Metrics
Karpenter makes several metrics available in Prometheus format to allow monitoring cluster provisioning status. These metrics are available by default at karpenter.kube-system.svc.cluster.local:8080/metrics
configurable via the METRICS_PORT
environment variable documented here
Controller Runtime Metrics
controller_runtime_terminal_reconcile_errors_total
Total number of terminal reconciliation errors per controller
- Stability Level: STABLE
controller_runtime_reconcile_total
Total number of reconciliations per controller
- Stability Level: STABLE
controller_runtime_reconcile_time_seconds
Length of time per reconciliation per controller
- Stability Level: STABLE
controller_runtime_reconcile_panics_total
Total number of reconciliation panics per controller
- Stability Level: STABLE
controller_runtime_reconcile_errors_total
Total number of reconciliation errors per controller
- Stability Level: STABLE
controller_runtime_max_concurrent_reconciles
Maximum number of concurrent reconciles per controller
- Stability Level: STABLE
controller_runtime_active_workers
Number of currently used workers per controller
- Stability Level: STABLE
Workqueue Metrics
workqueue_work_duration_seconds
How long in seconds processing an item from workqueue takes.
- Stability Level: STABLE
workqueue_unfinished_work_seconds
How many seconds of work has been done that is in progress and hasn’t been observed by work_duration.
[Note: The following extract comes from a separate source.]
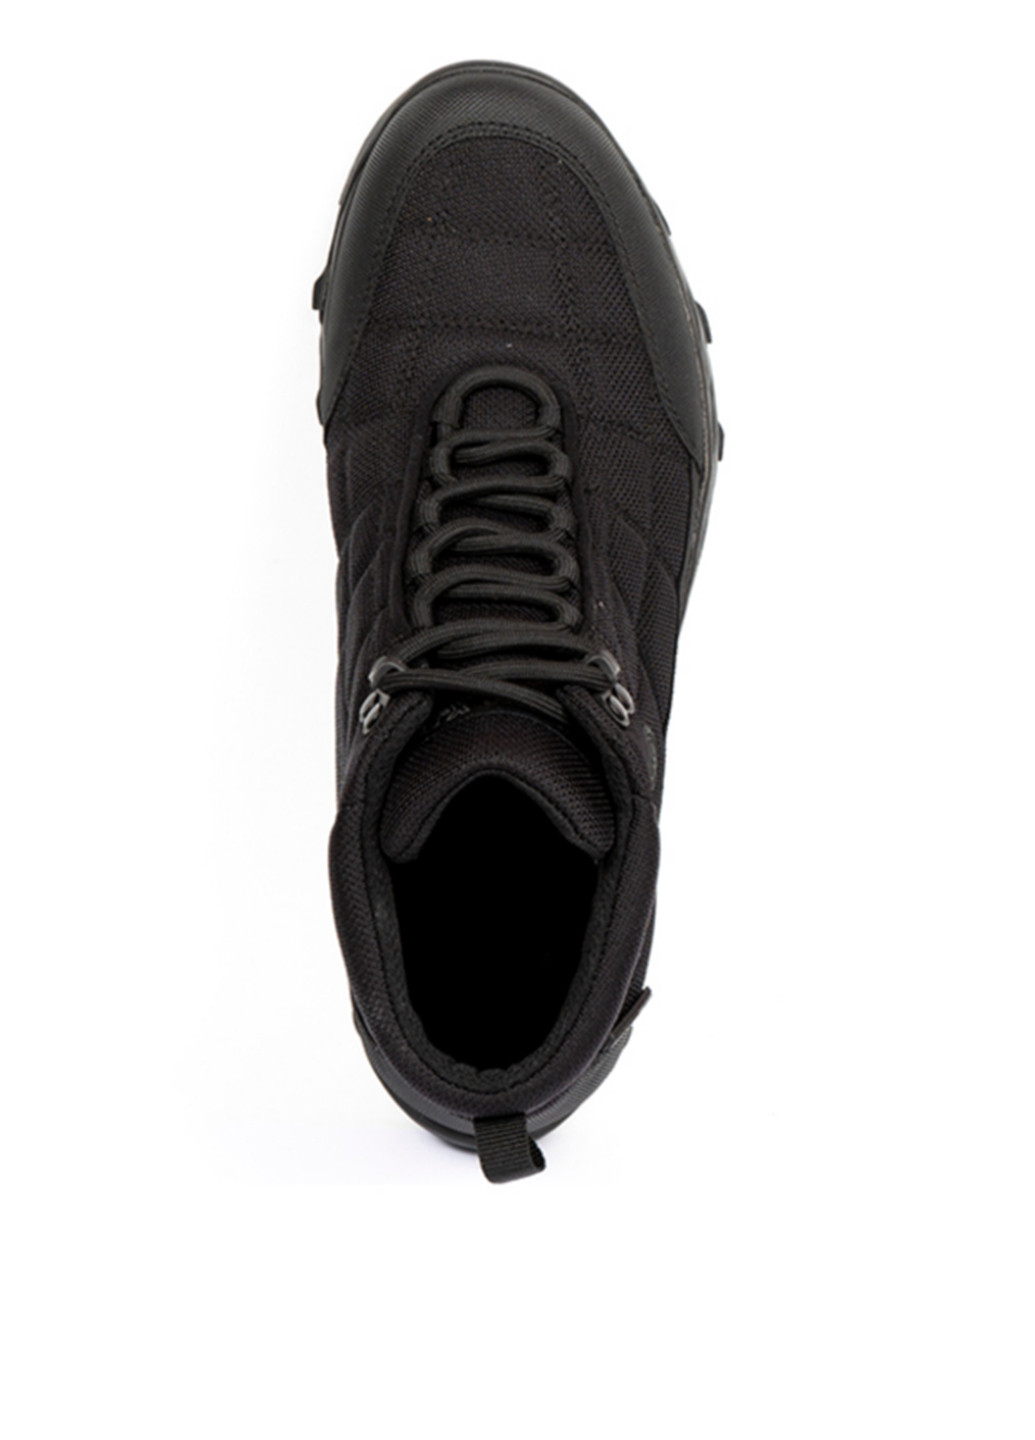 Черные осенние ботинки Greyder

Large values indicate stuck threads. One can deduce the number of stuck threads by observing the rate at which this increases.
- Stability Level: STABLE
workqueue_retries_total
Total number of retries handled by workqueue
- Stability Level: STABLE
workqueue_queue_duration_seconds
How long in seconds an item stays in workqueue before being requested
- Stability Level: STABLE
workqueue_longest_running_processor_seconds
How many seconds has the longest running processor for workqueue been running.
- Stability Level: STABLE
workqueue_depth
Current depth of workqueue by workqueue and priority
- Stability Level: STABLE
workqueue_adds_total
Total number of adds handled by workqueue
- Stability Level: STABLE
AWS SDK Go Metrics
aws_sdk_go_request_total
The total number of AWS SDK Go requests
- Stability Level: STABLE
aws_sdk_go_request_retry_count
The total number of AWS SDK Go retry attempts per request
- Stability Level: STABLE
aws_sdk_go_request_duration_seconds
Latency of AWS SDK Go requests
- Stability Level: STABLE
aws_sdk_go_request_attempt_total
The total number of AWS SDK Go request attempts
- Stability Level: STABLE
aws_sdk_go_request_attempt_duration_seconds
Latency of AWS SDK Go request attempts
- Stability Level: STABLE
Leader Election Metrics
leader_election_slowpath_total
Total number of slow path exercised in renewing leader leases. ’name’ is the string used to identify the lease. Please make sure to group by name.
- Stability Level: STABLE
leader_election_master_status
Gauge of if the reporting system is master of the relevant lease, 0 indicates backup, 1 indicates master. ’name’ is the string used to identify the lease. Please make sure to group by name.
- Stability Level: STABLE